The Table illustrates a 12-week concurrent training program in which workloads of both aerobic training and resistance training increase progressively. The order of aerobic and resistance training sessions can be reversed depending on the goal of the program. For example, endurance athletes (i.e., cross-country runners and road cyclists) or those who seek to improve their aerobic power may consider pursuing the aerobic-first sequence. This will then ensure the quality of their aerobic training. On the other hand, athletes competing for events that demand strength and power (i.e., 100-m sprint, football, and baseball) or those who train for muscle hypertrophy may choose to use the resistance exercise-first sequence for the same reason. This illustration does not include the warm-up and cooldown periods that should be carried out in each training session.
Concurrent training of either resistance exercise before aerobic exercise or aerobic exercise before resistance exercise can confer both aerobic and anaerobic benefits simultaneously provided that the training program is designed and carried out properly. However, there are some unique advantages and disadvantages associated with each exercise sequence that one should consider to optimize one’s training outcomes.

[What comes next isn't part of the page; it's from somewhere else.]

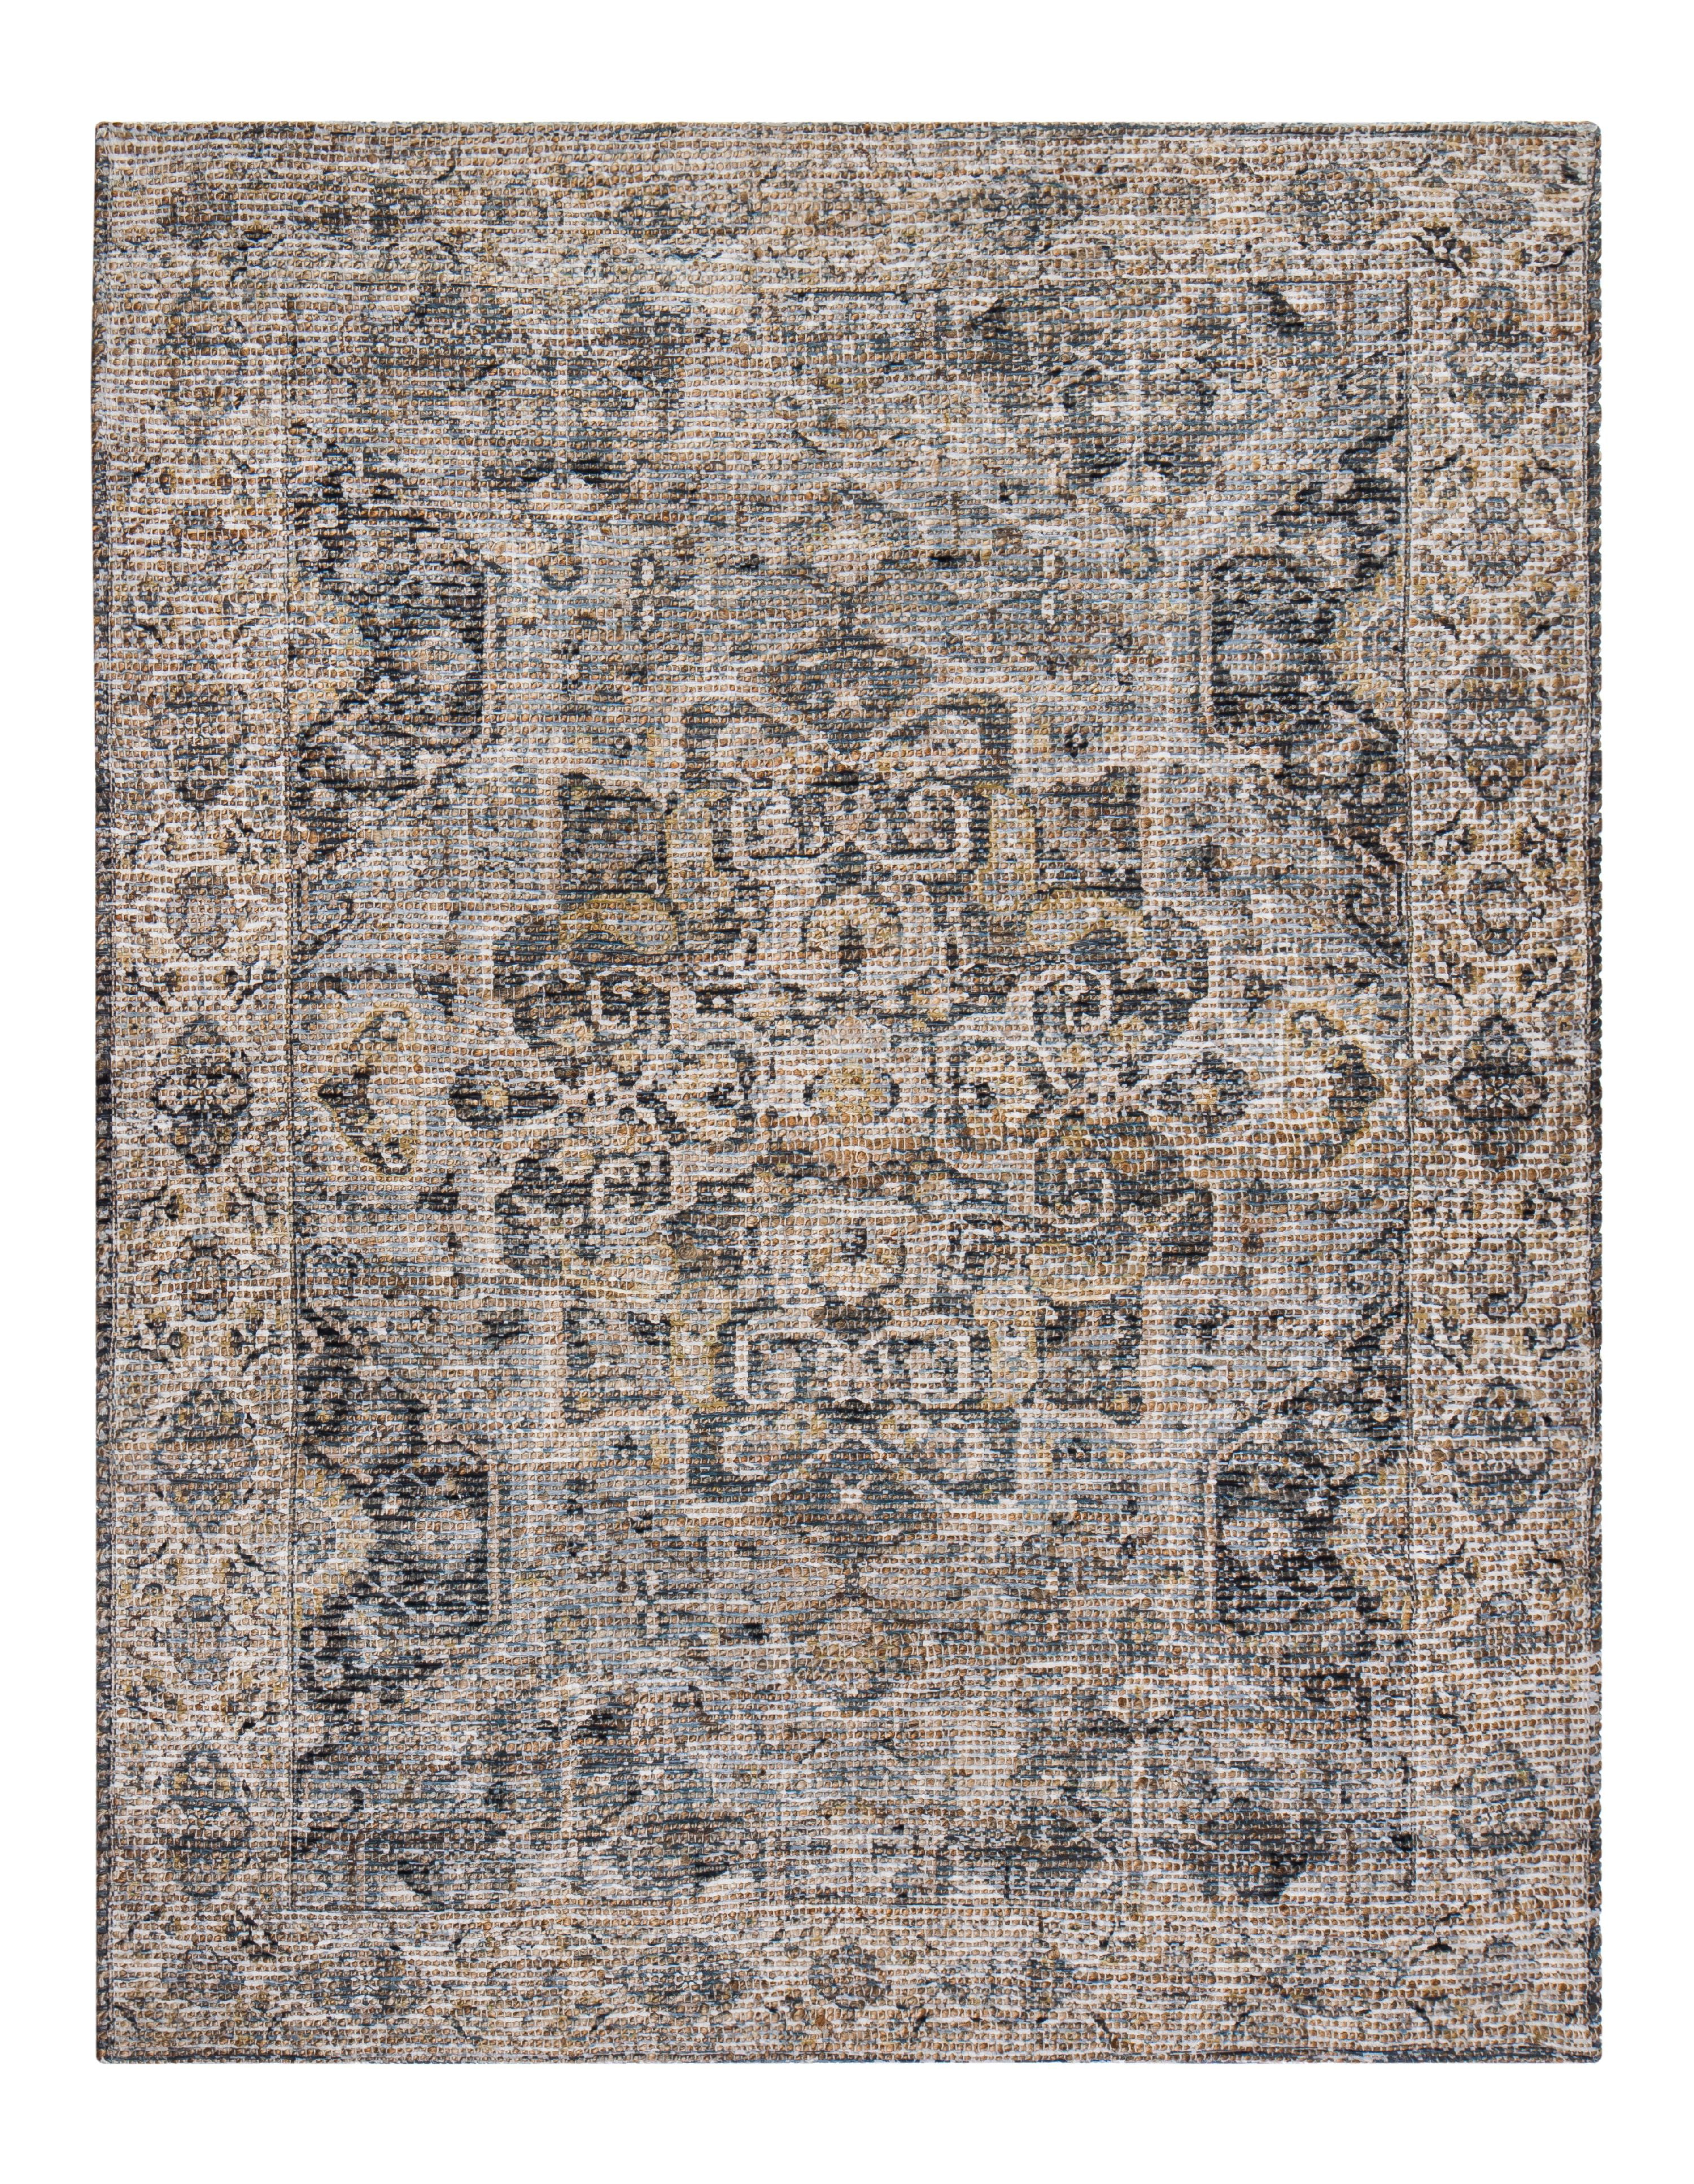 30% Polyester and 10% Cotton Rug Zagros Anji Mountain Distressed 60% Jute 8-Feet Round 
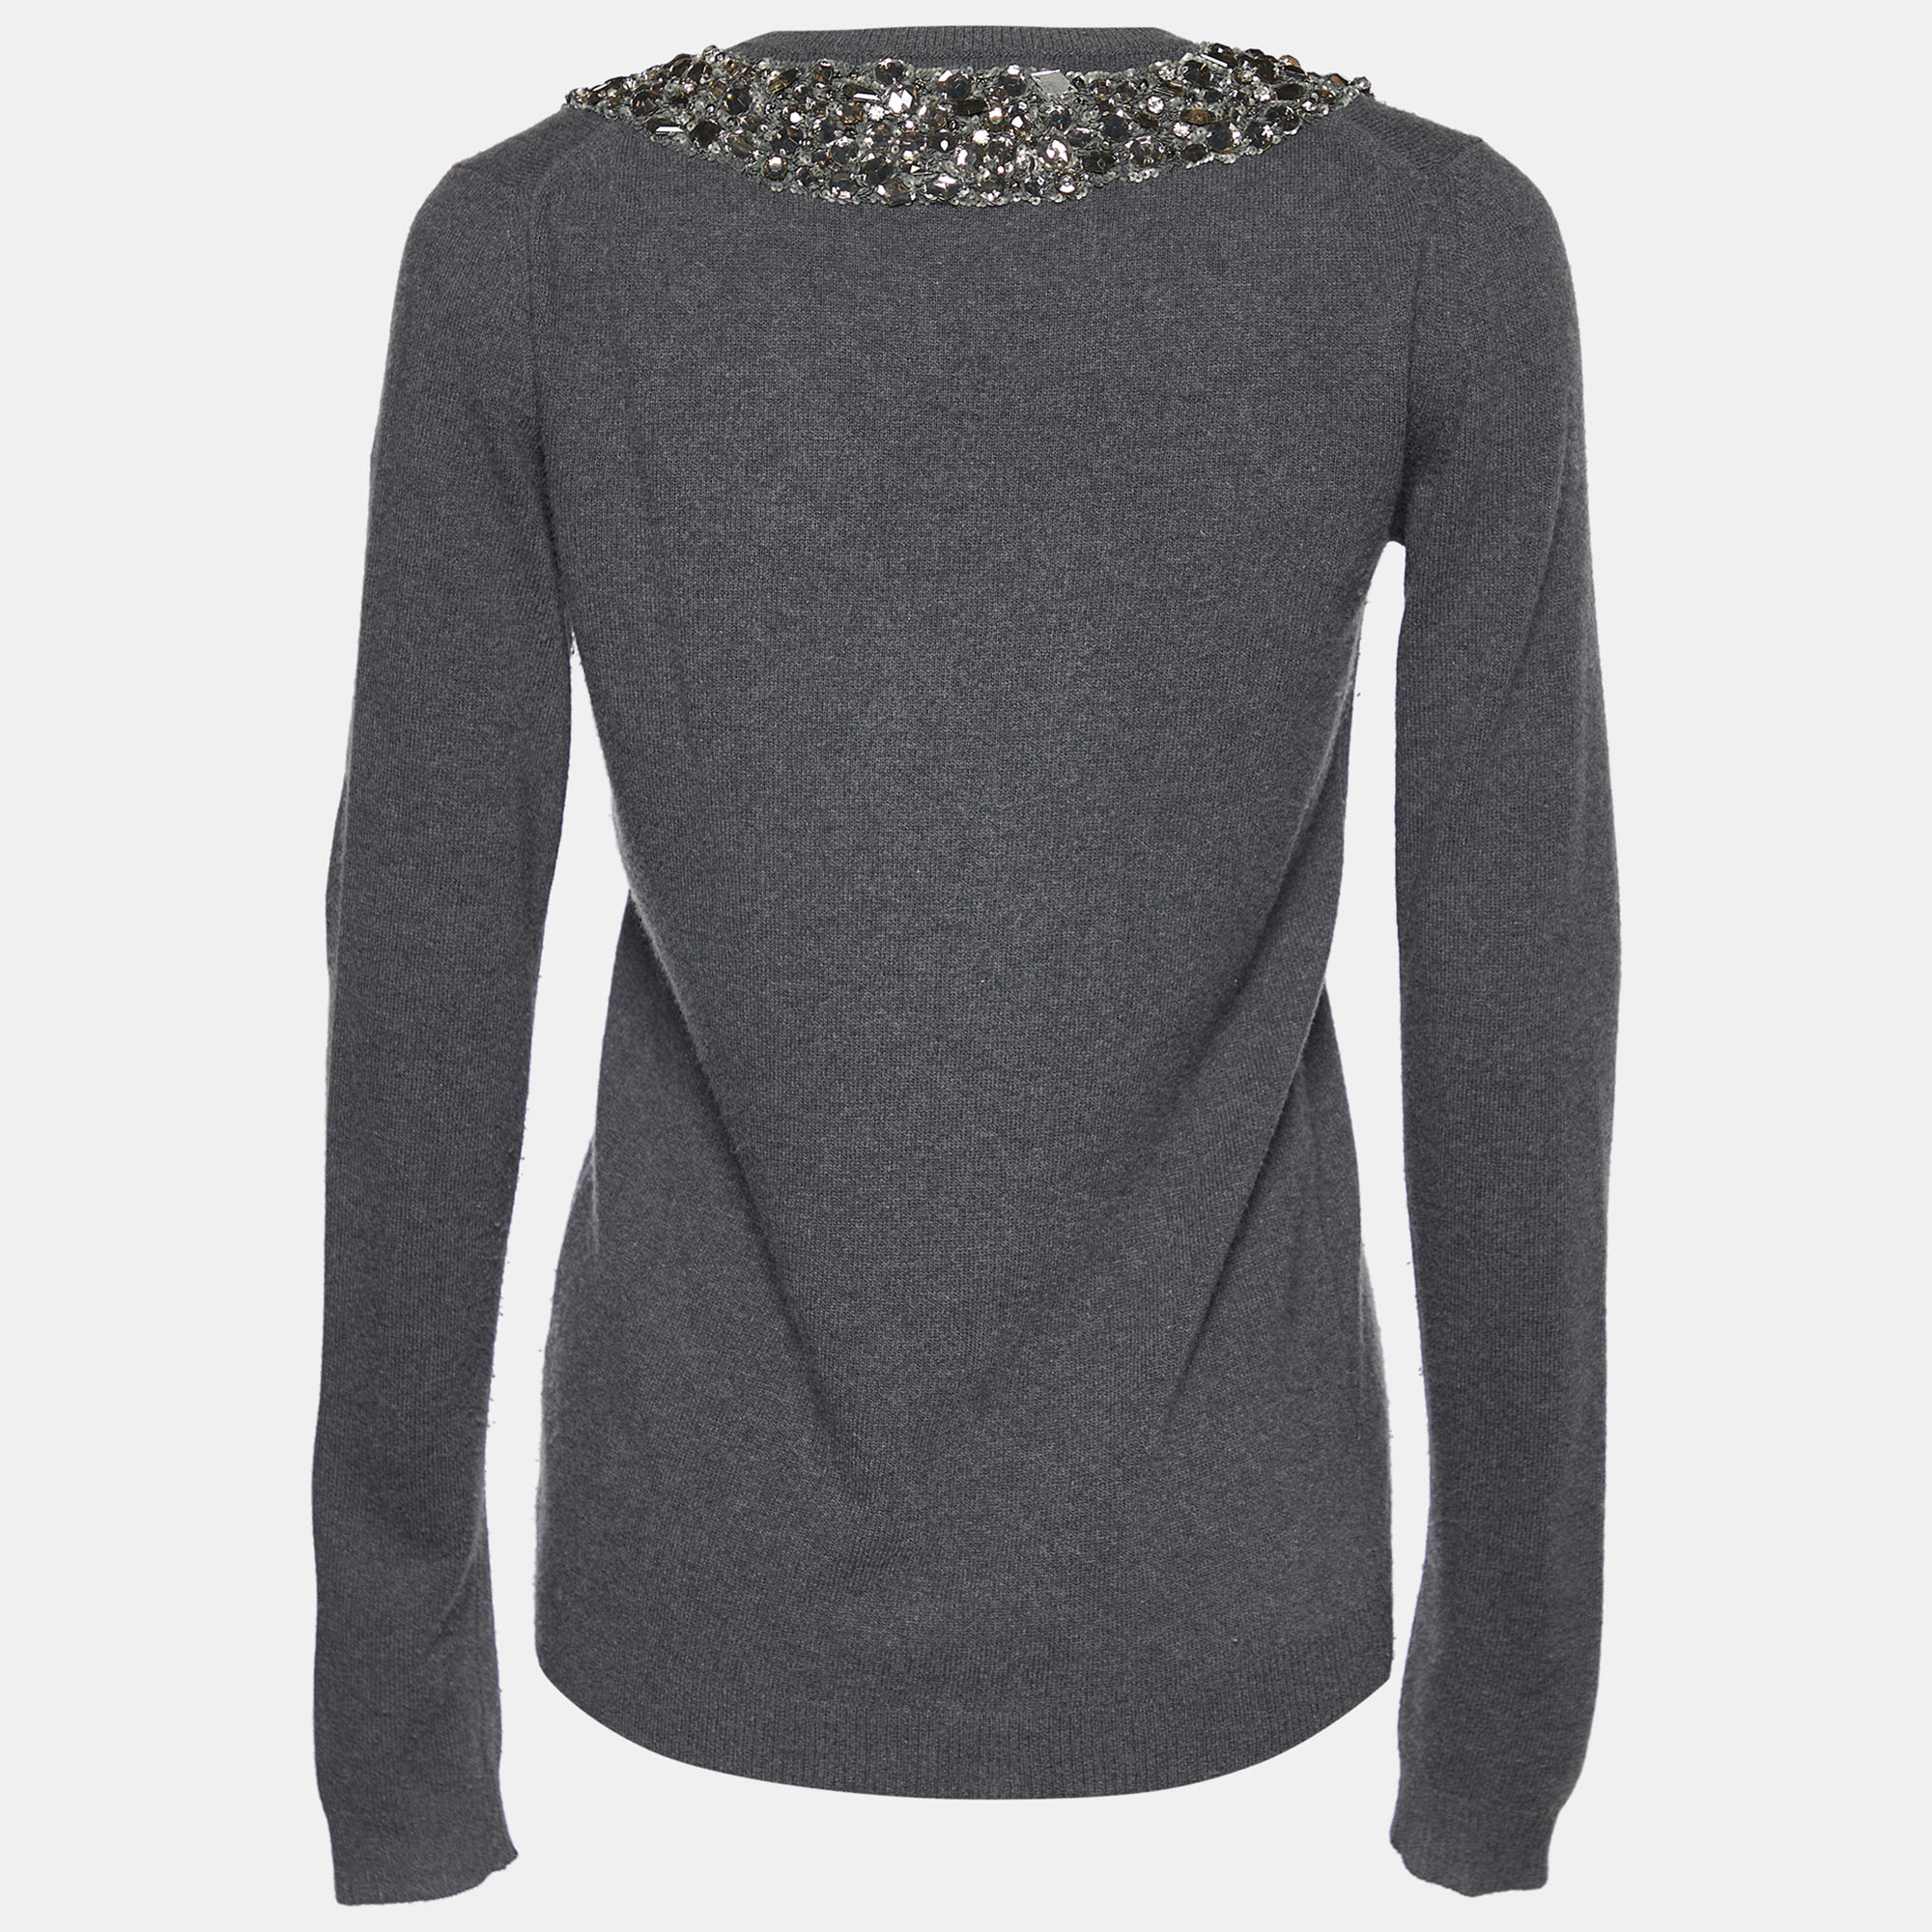 

Burberry Prorsum Grey Wool & Cashmere Embellished Neck Sweater

CONDENSED VERSION AND BOTTOM LINE
Concurrent training of either resistance exercise before aerobic or aerobic before resistance exercise can be a time-efficient way of eliciting various physiological adaptations simultaneously. However, there are some unique advantages associated with each exercise sequence. Performing aerobic exercise first may be preferable for developing aerobic power. This exercise sequence also can enhance post-exercise energy expenditure. On the other hand, performing resistance exercise first is more favorable for developing strength, power, and muscle hypertrophy. This exercise sequence is also more effective in enhancing aerobic capacity in the elderly and can augment energy expenditure and fat utilization during a subsequent aerobic session.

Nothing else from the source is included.